Abstract: PUB220
Successful Antiviral Treatment of Hepatitis C Virus-Associated Polyarteritis Nodosa with Resolution of Dialysis-Dependent Kidney Failure
Session Information
Category: Glomerular Diseases
- 1402 Glomerular Diseases: Clinical, Outcomes, and Therapeutics
Authors
- Killen, John P., Macquarie University, Sydney, New South Wales, Australia
- Teh, Tobias T K, Macquarie University, Sydney, New South Wales, Australia
- Buckley, Niamh S, Northern Beaches Hospital, Frenchs Forest, New South Wales, Australia
- Nguyen, Huu Matthew, Northern Beaches Hospital, Frenchs Forest, New South Wales, Australia
Introduction
Hepatitis C virus (HCV)-associated polyarteritis nodosa (PAN) is a rare disease with no standardised treatment. We report a case of HCV-associated PAN requiring hemodialysis (HD) responding to glecaprevir + pibrentasvir antiviral therapy resulting in successful subsequent HD independence.
Case Description
A 63-year-old man with a history of intravenous drug use, known chronic HCV infection (genotype 3a), previous hepatitis B virus (HBV) exposure, chronic venous insufficiency, and hypertension, presented with painful non-healing bilateral lower limb ulcers worsening over the previous year.

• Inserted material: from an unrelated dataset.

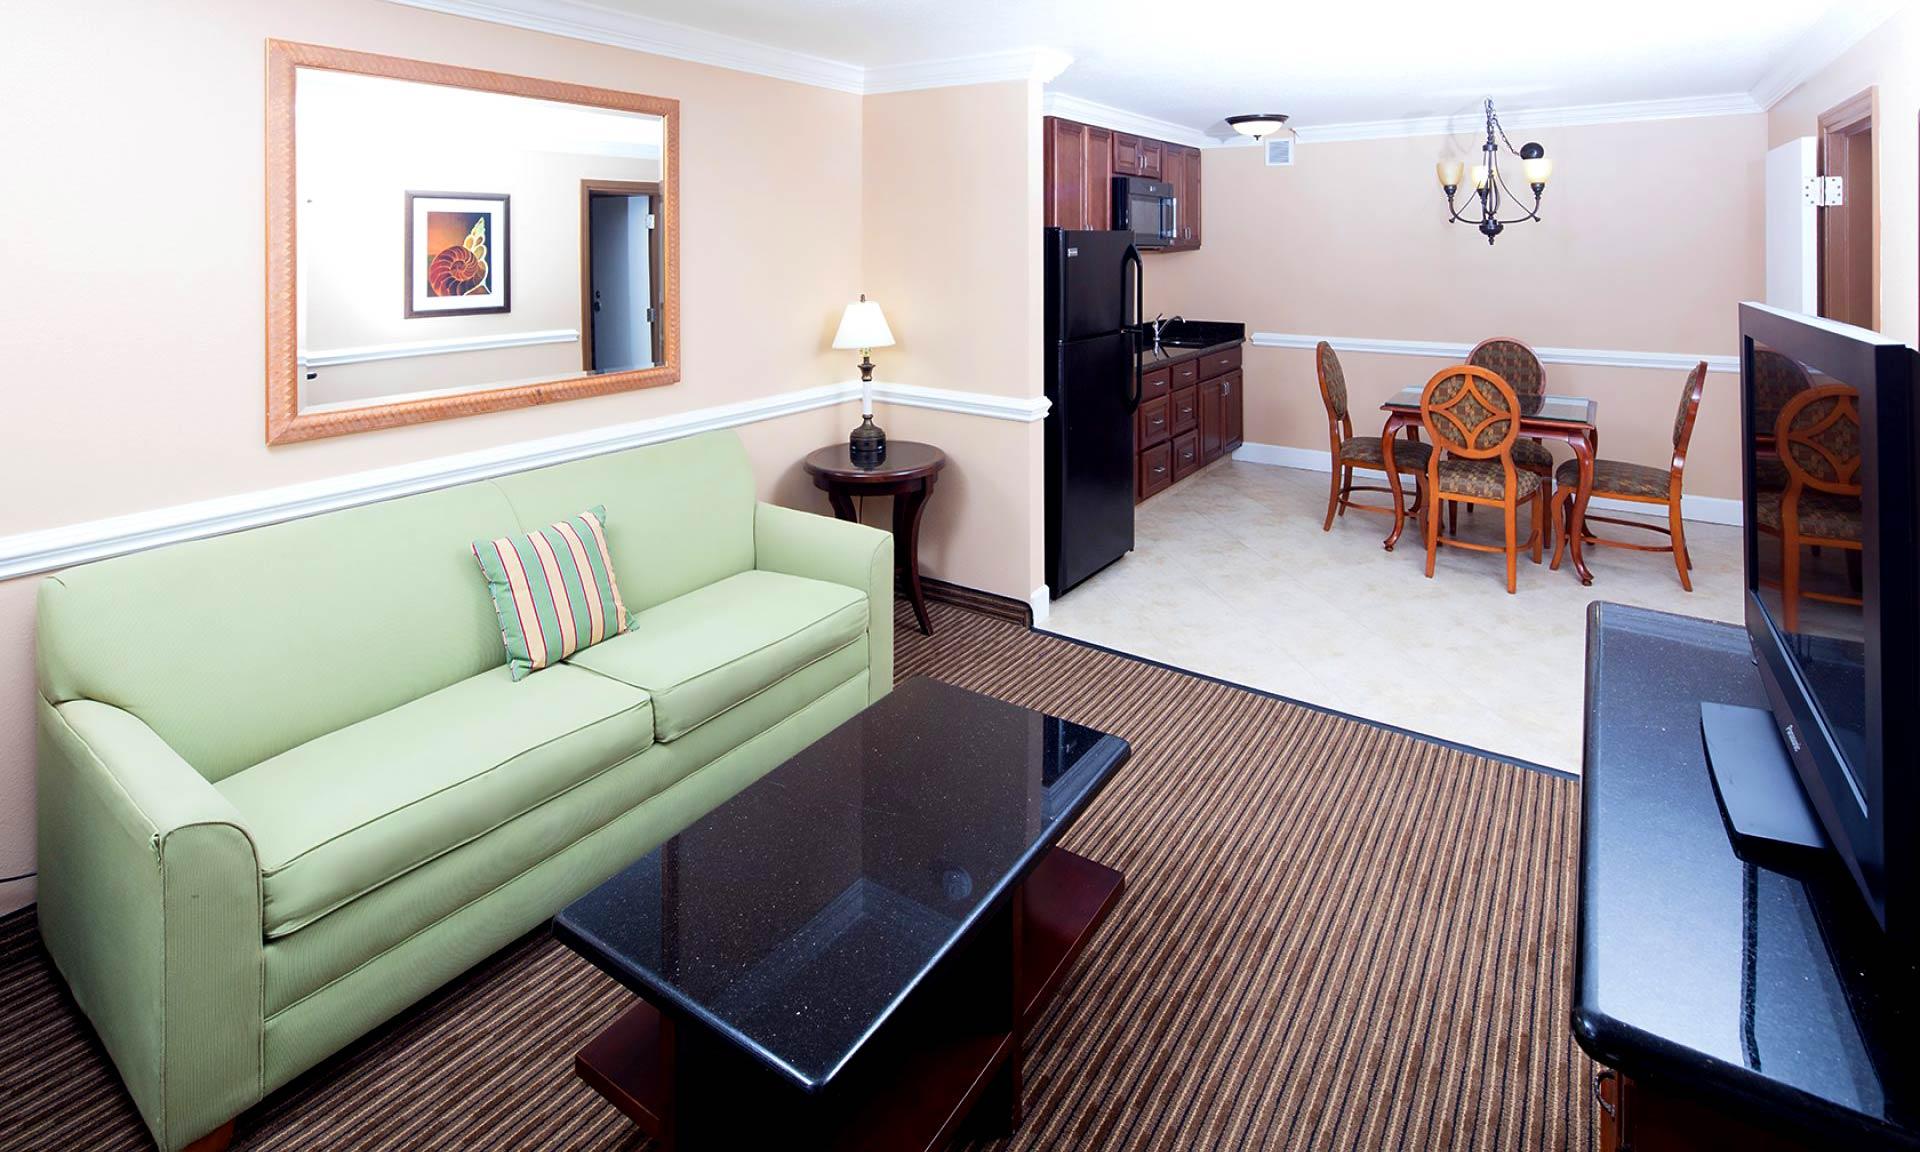 Red_Lion_Hotel_Orlando_KissimmeeMaingate_Guestroom_04

In 2013 he had a kidney biopsy that reported acute tubular necrosis with no evidence of vasculitis or cryoglobulins. Acute cryoglobulinemic vasculitis secondary to HCV (viral load 1,135,800 IU/mL) was considered but cryoglobulins were repeatedly negative.
On this presentation he had deteriorating kidney function with creatinine 417 µmol/L and eGFR 9. Serologies were RF positive, low C4 and normal C3, with HCV RNA detected (989,000 IU/mL), HBV cAb (+) and HBV sAb (+), and negative for HIV, ANA, P-ANCA, C-ANCA, ds-DNA, lupus anticoagulant, anti-GBM, cardiolipin, B2GP1, and cryoglobulins were again negative. A second kidney biopsy showed small-to-medium interlobular arteries that displayed florid vasculitis with mixed inflammatory infiltrate and fibrinoid necrosis on a background of predominantly sclerosed glomeruli consistent with HCV-associated PAN. Thrice weekly HD was commenced, 60 mg prednisolone daily with gradual weaning, glecaprevir + pibrentasvir thrice daily for 23 weeks, and entecavir 0.5 mg once weekly for prevention of HBV reactivation. HD sessions reduced to twice weekly, then once weekly, and ultimately the patient successfully discontinued HD after 314 days on HD. The ulcers progressively healed, with the vasculitis staying in remission whilst remaining off immunosuppression.
Discussion
This is the first report of HCV-associated PAN requiring dialysis treated with glecaprevir + pibrentasvir that was able to successfully discontinue HD and achieve vasculitis remission following complete resolution of HCV viremia. The patient now has stage 3 CKD and remains on a SGLT2 inhibitor.